What to do:
Reproduce the listing exactly. Omit pictures.

===== Collected material =====

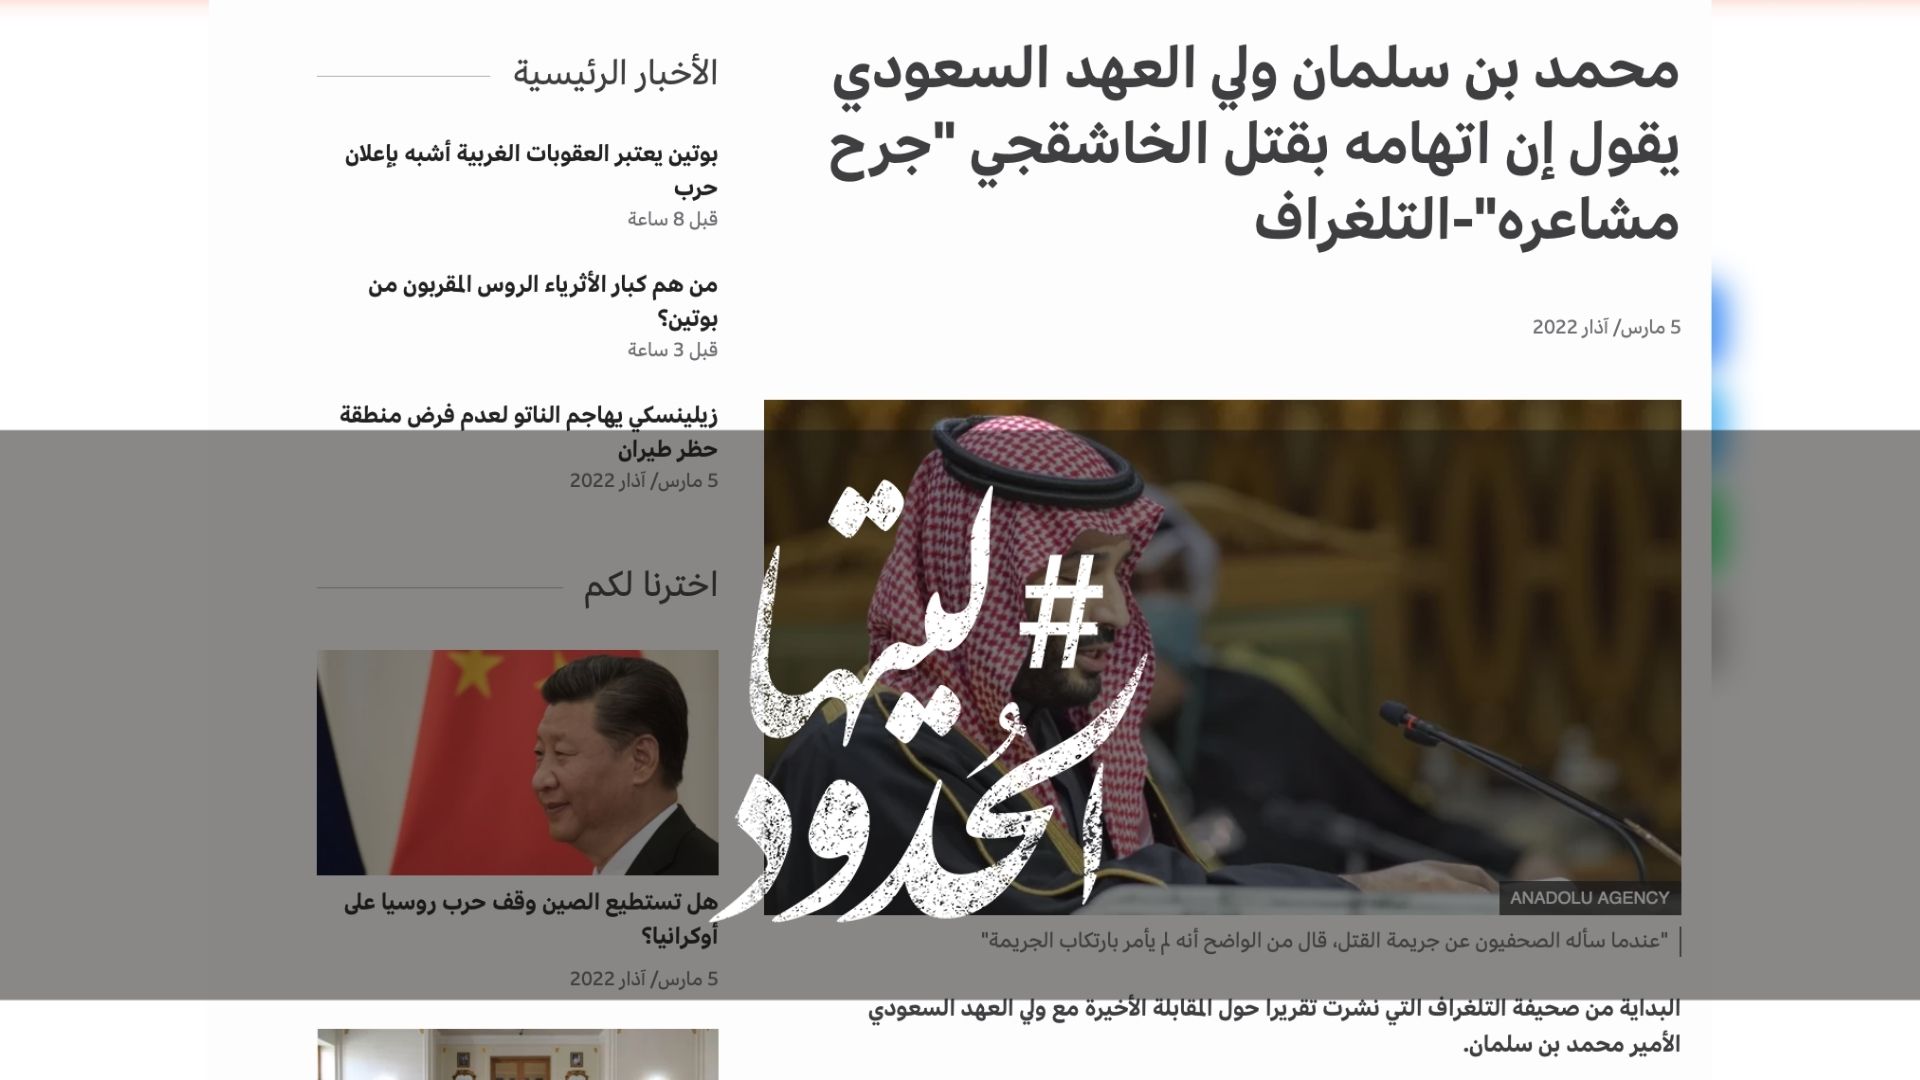 صورة محمد بن سلمان ولي العهد السعودي يقول إن اتهامه بقتل الخاشقجي "جرح مشاعره"-التلغراف
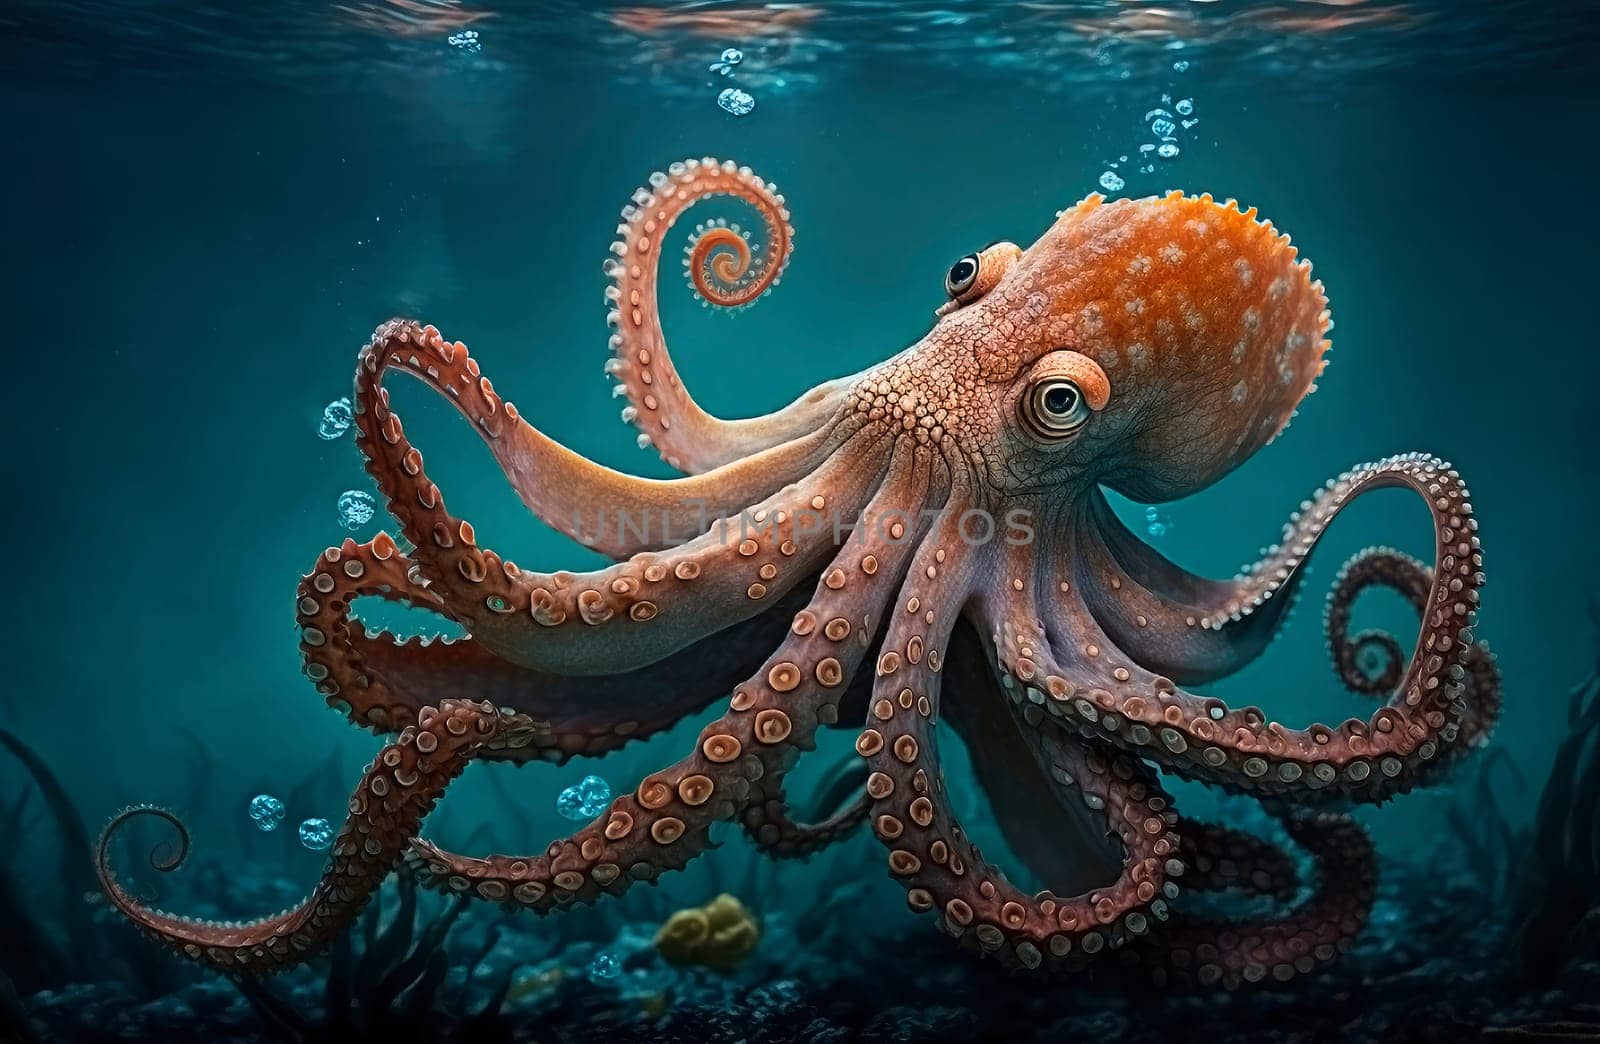 octopuses swim in the sea. by yanadjana
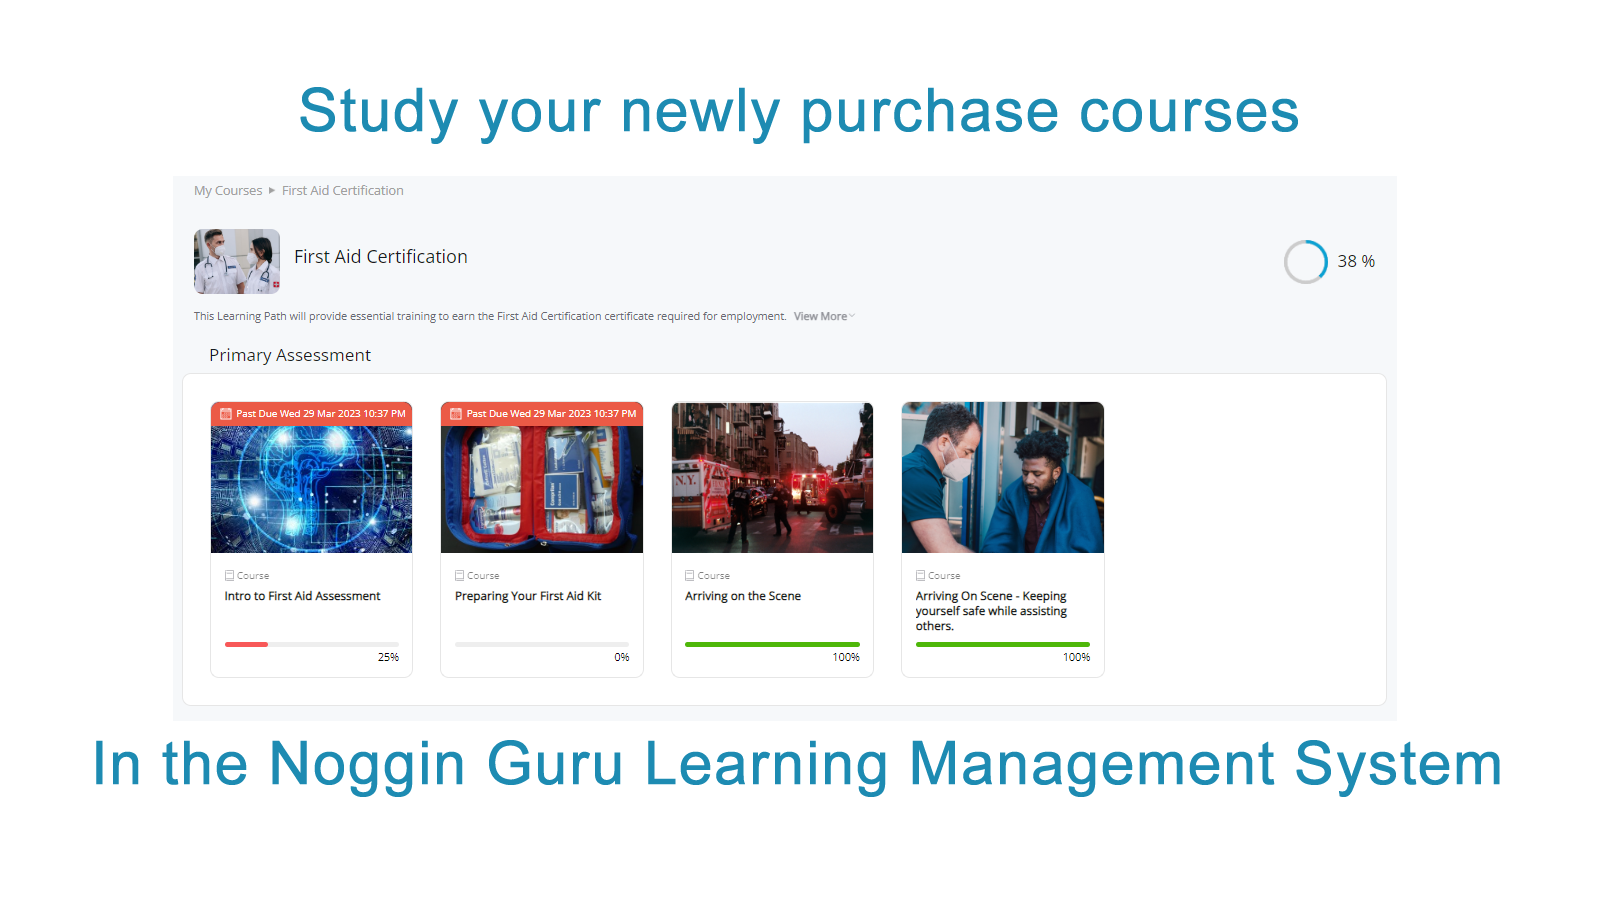 Studeer uw nieuw aangekochte cursussen in de Noggin Guru LMS

=====

Task result:
 صورة محمد بن سلمان ولي العهد السعودي يقول إن اتهامه بقتل الخاشقجي "جرح مشاعره"-التلغراف
 octopuses swim in the sea. by yanadjana
 Studeer uw nieuw aangekochte cursussen in de Noggin Guru LMS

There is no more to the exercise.